## Exercise description:
Line by line, repeat the material below exactly and leave the images out.

[Input data]

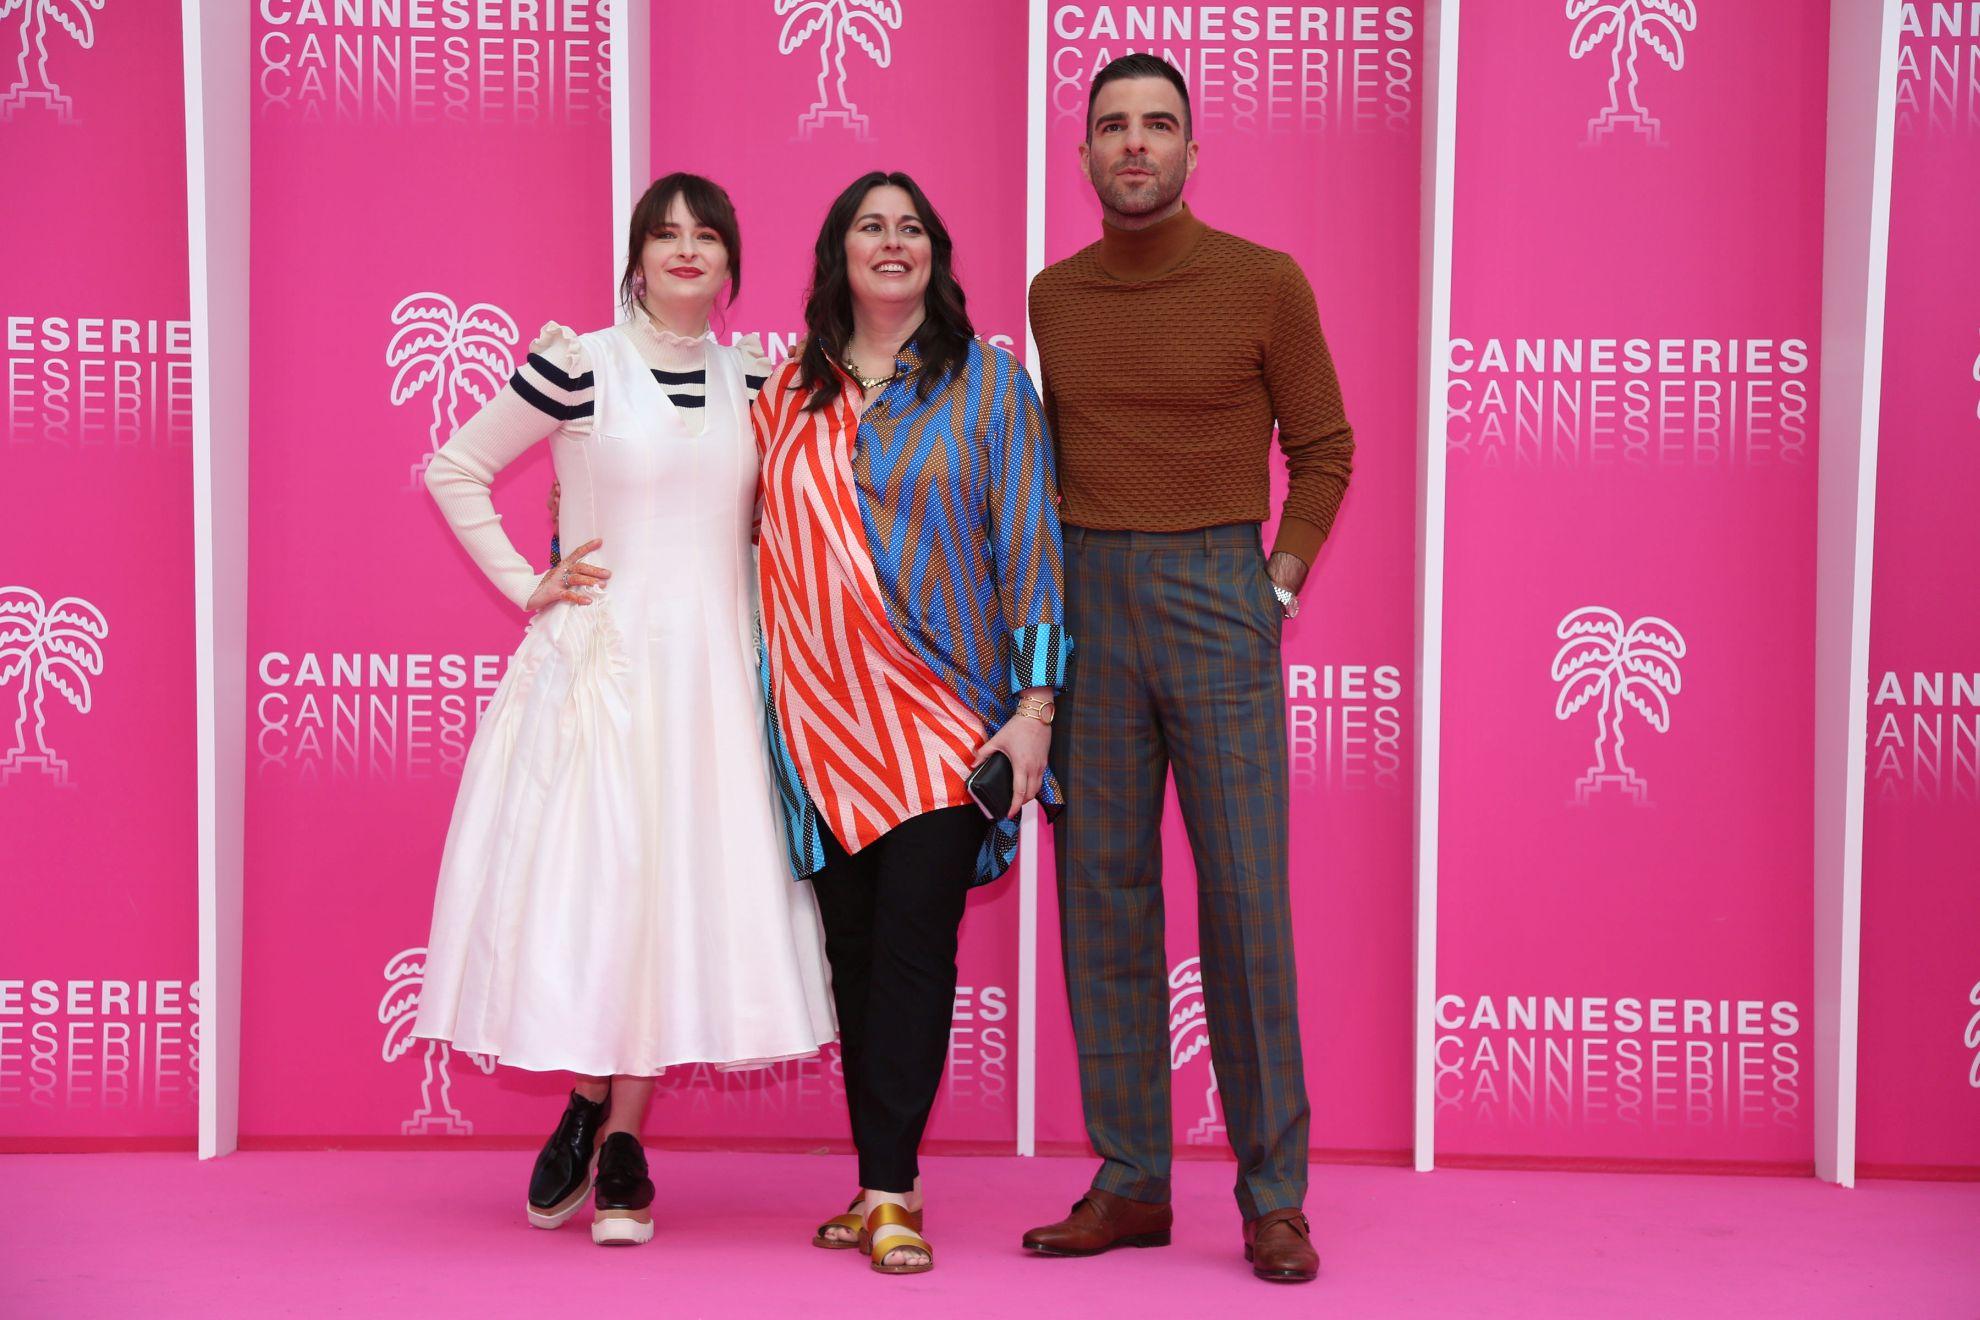 Canneseries 2019: il cast di NOS4A2 in posa per i fotografi sul pink carpet
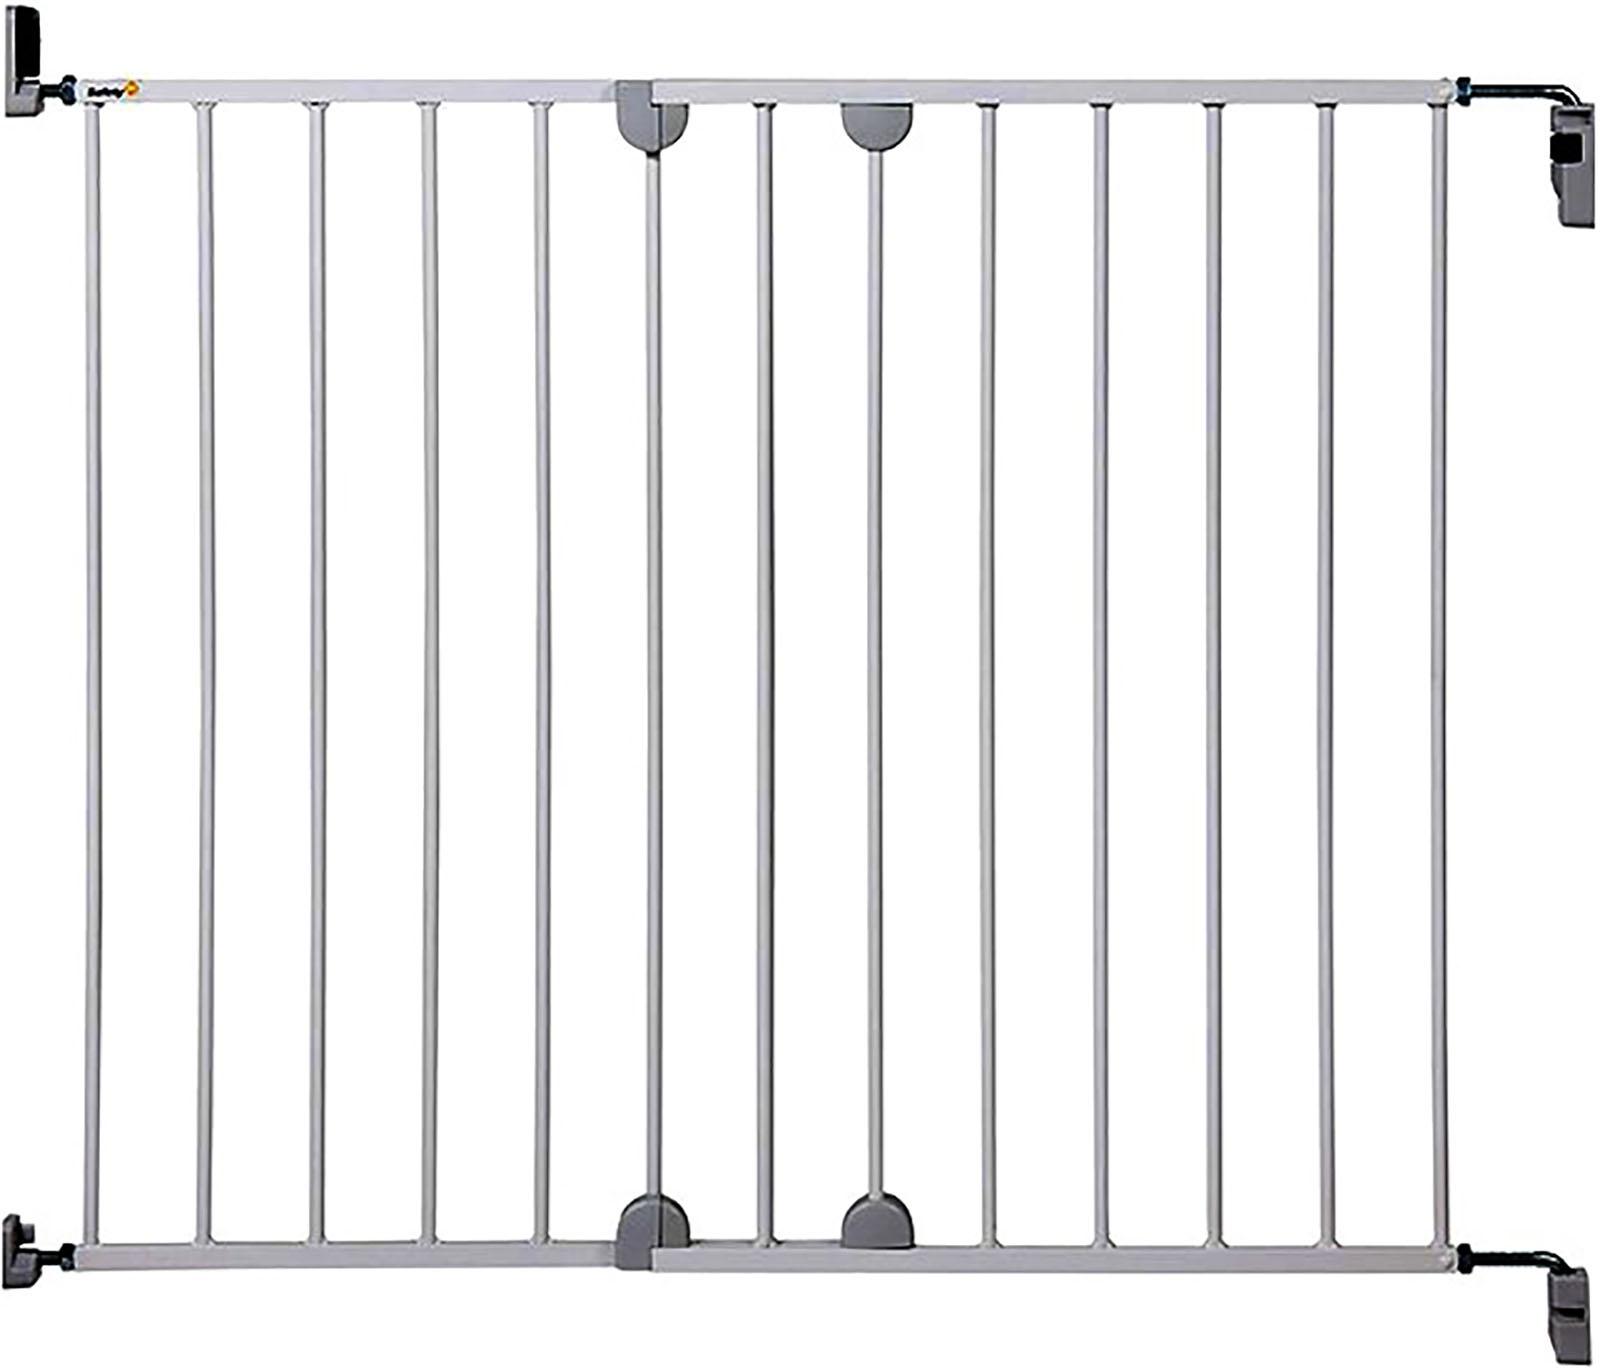 Барьер Safety 1st Wall-Fix Extending Metal, 62-102 см белый барьер safety 1st барьер safety 1st 24530010 24530010 серый
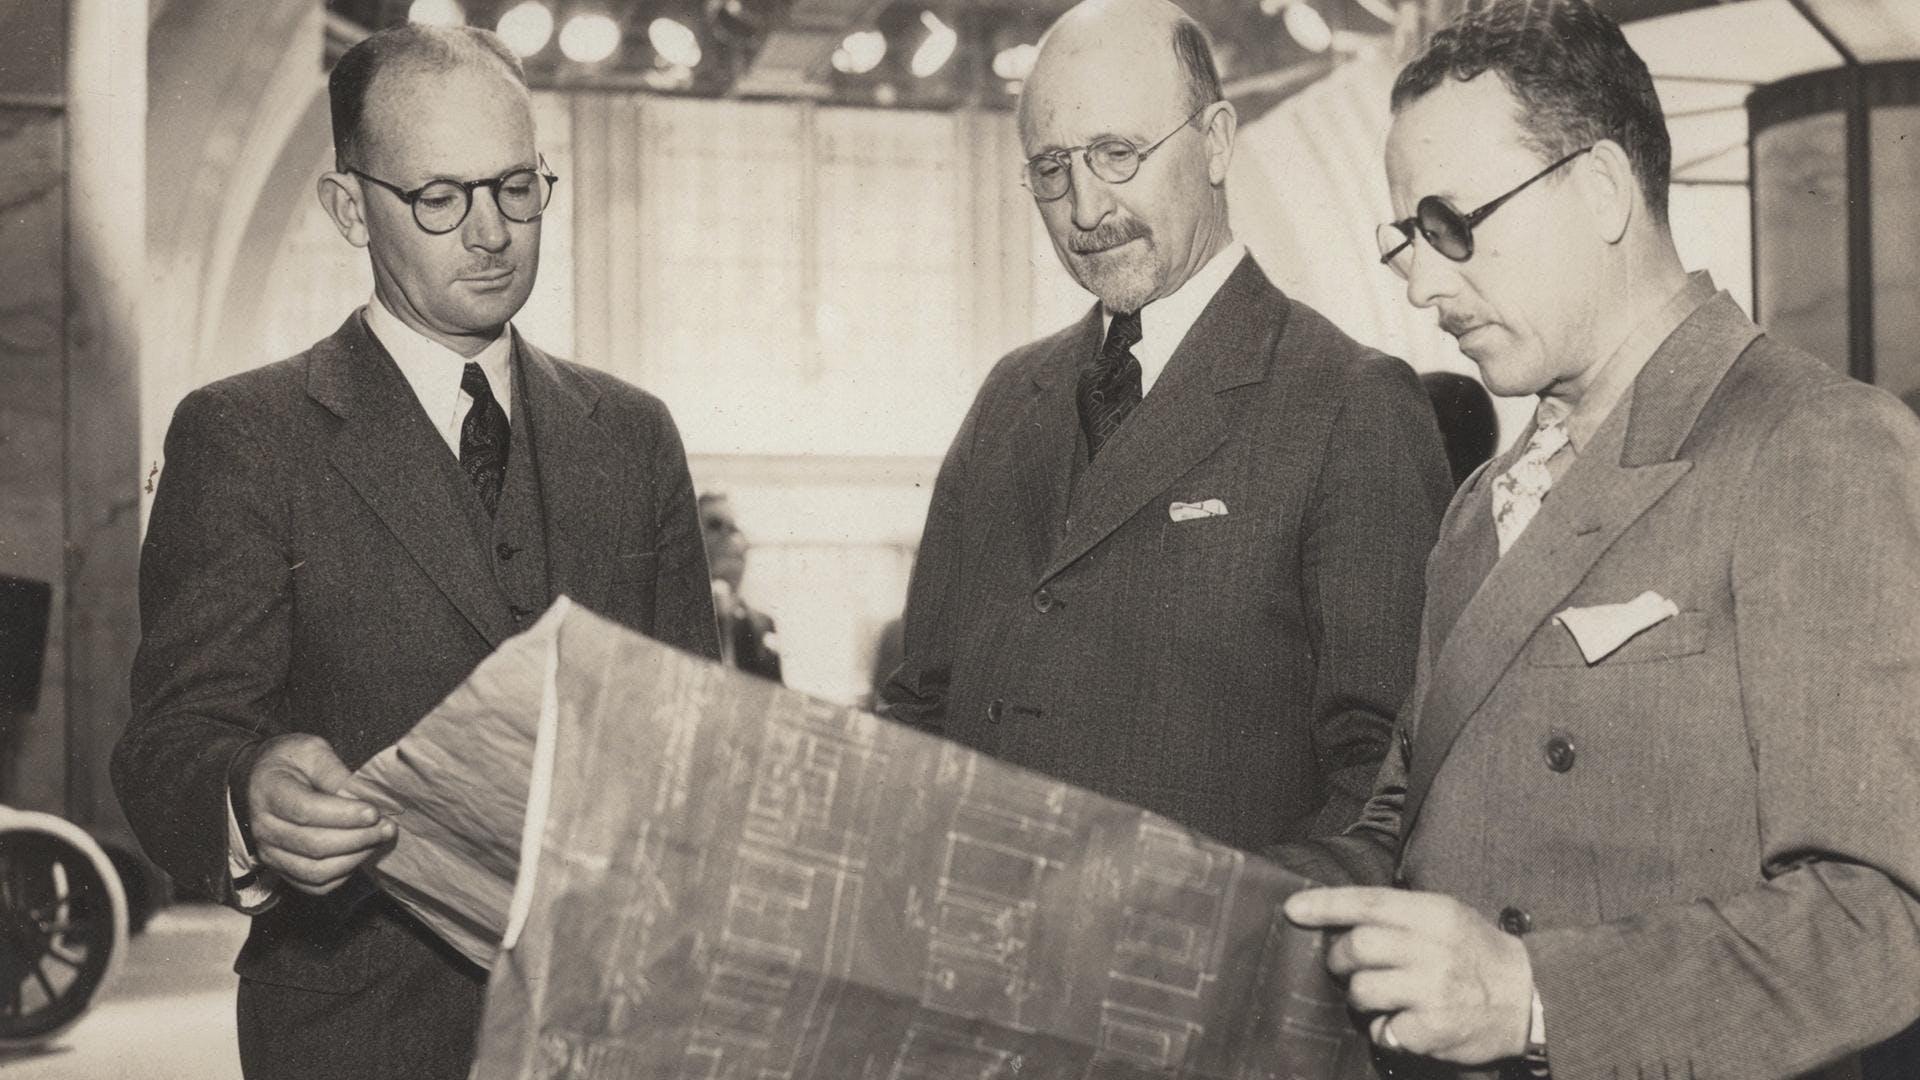 Iconic Vision John Parkinson Architect of Los Angeles Film Screening

[/Input data]

## Response for this exercise:
 Canneseries 2019: il cast di NOS4A2 in posa per i fotografi sul pink carpet
 Барьер Safety 1st Wall-Fix Extending Metal, 62-102 см белый барьер safety 1st барьер safety 1st 24530010 24530010 серый
 Iconic Vision John Parkinson Architect of Los Angeles Film Screening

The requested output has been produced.